Rules of etiquette

 

In general, as in all Asian countries, certain rules must be respected in order not to offend morals. Here they are:

Stay calm in all circumstances: Never get angry and do not raise your voice or be threatening. This kind of behavior causes the other person to lose face, and he will resent it.

We do not touch the head (even that of children), this gesture being considered an insult. Do not point people or Buddha.

Do not talk about politics on the street: despite the recent signs of openness, we must be careful not to embarrass, worry, or even create serious trouble for your Burmese interlocutors. Let your interlocutor address the subject himself.

Avoid pointing your foot at someone or even touching it with your foot while sitting down. It's inappropriate.

We do not sit back to the Buddha and we do not point our feet to his direction, it is very frowned upon.

In places of worship, we take off our shoes (shoes and socks), we speak in a low voice, we do not touch objects of ornaments and we dress a proper outfit (shoulders and legs covered).

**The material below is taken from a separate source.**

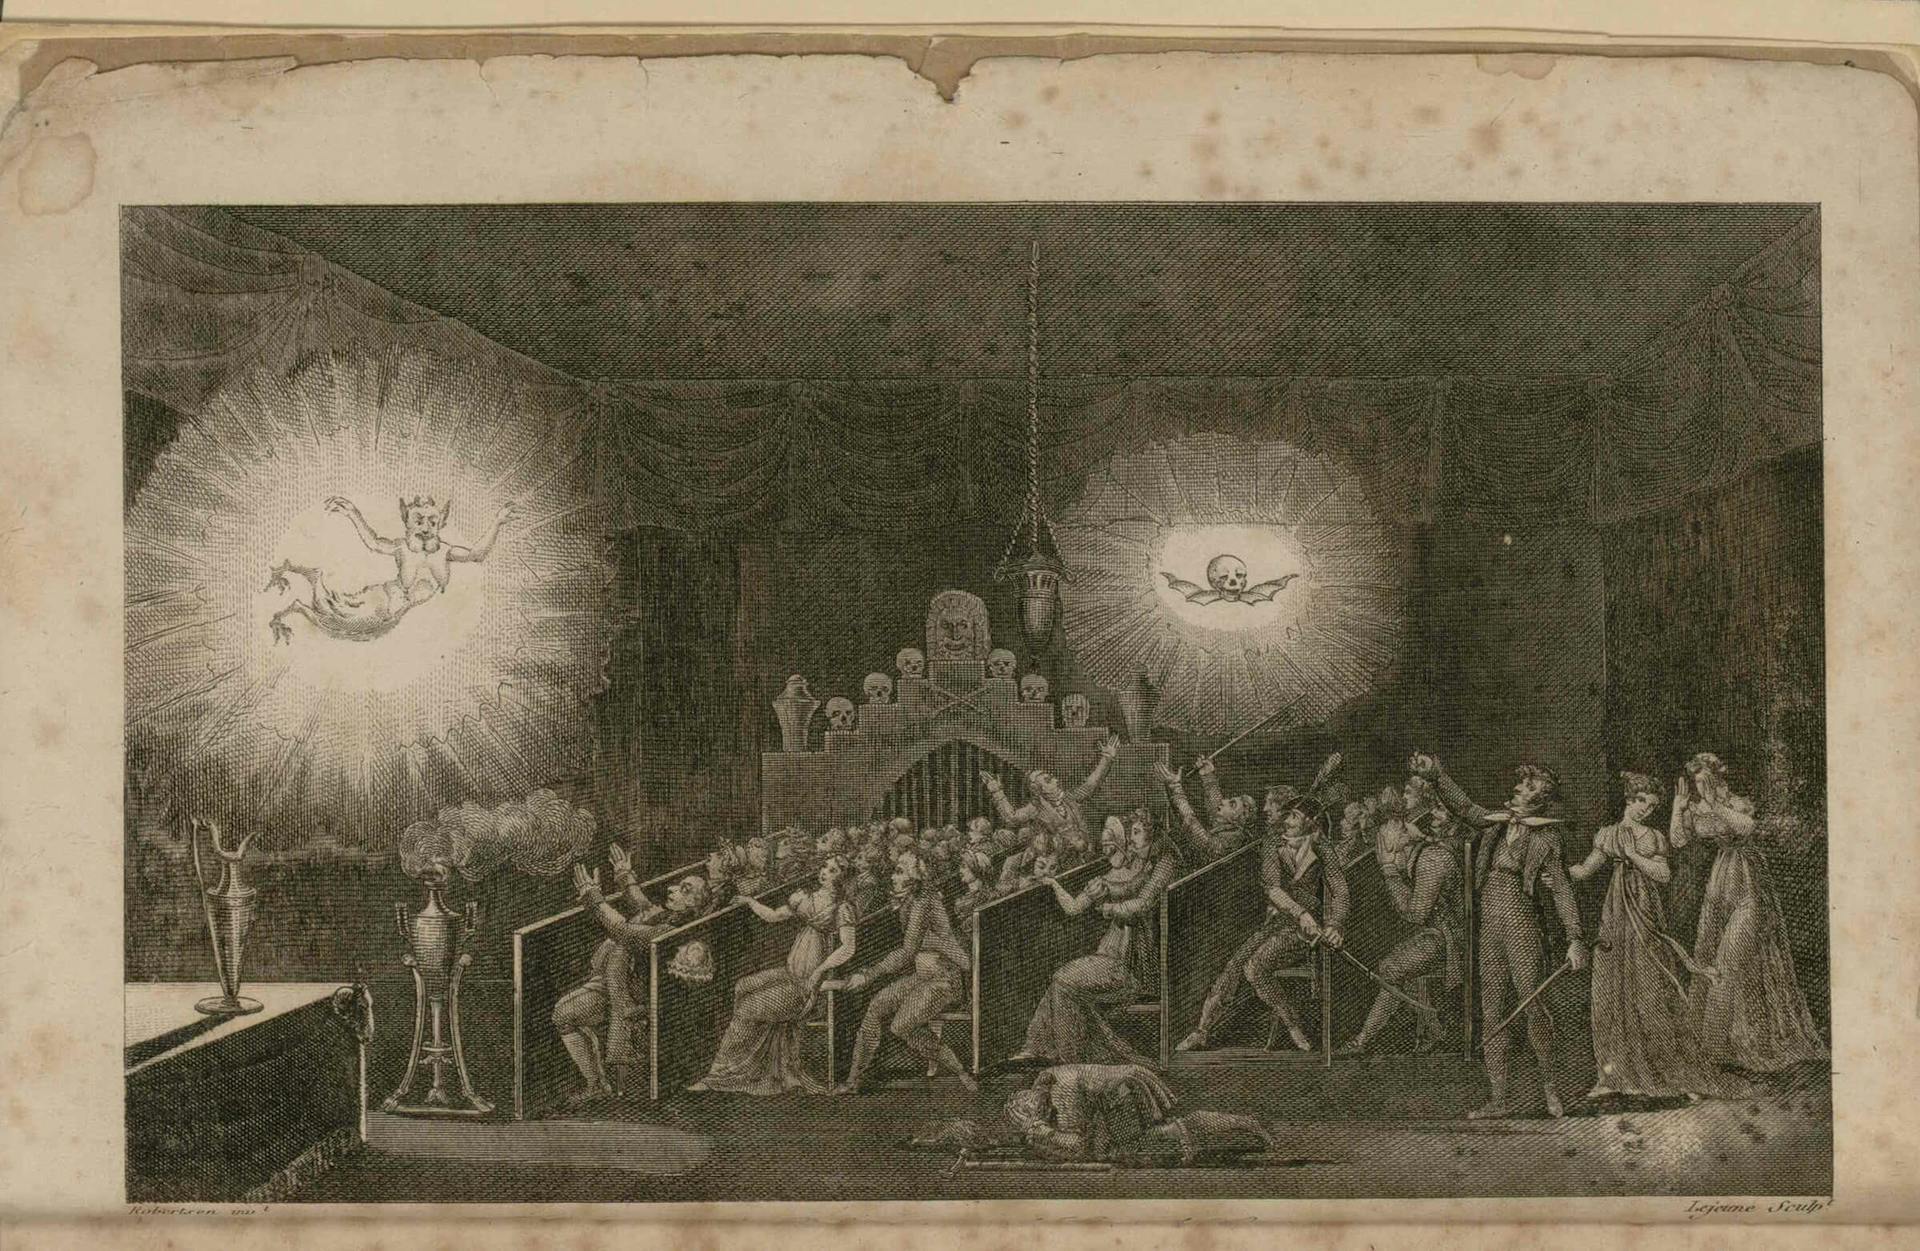 Robertson's phantasmagoria in the Cour des Capucines in 1797

Always ask permission before taking a picture of someone.

Avoid evidence of affection in public.

We respect the elderly.

In the houses, we take off our shoes to enter the house and we do not return without being invited.

Avoid tips except for real services rendered.

In principle, one does not shake the hand of a monk and, as far as possible one does not approach too closely. We sit down lower than him. No more food is given to a monk after 12 pm. Be careful, we do not consciously walk on the shadow of a monk. For a woman, do not be in a position to touch a monk (jostling, etc.).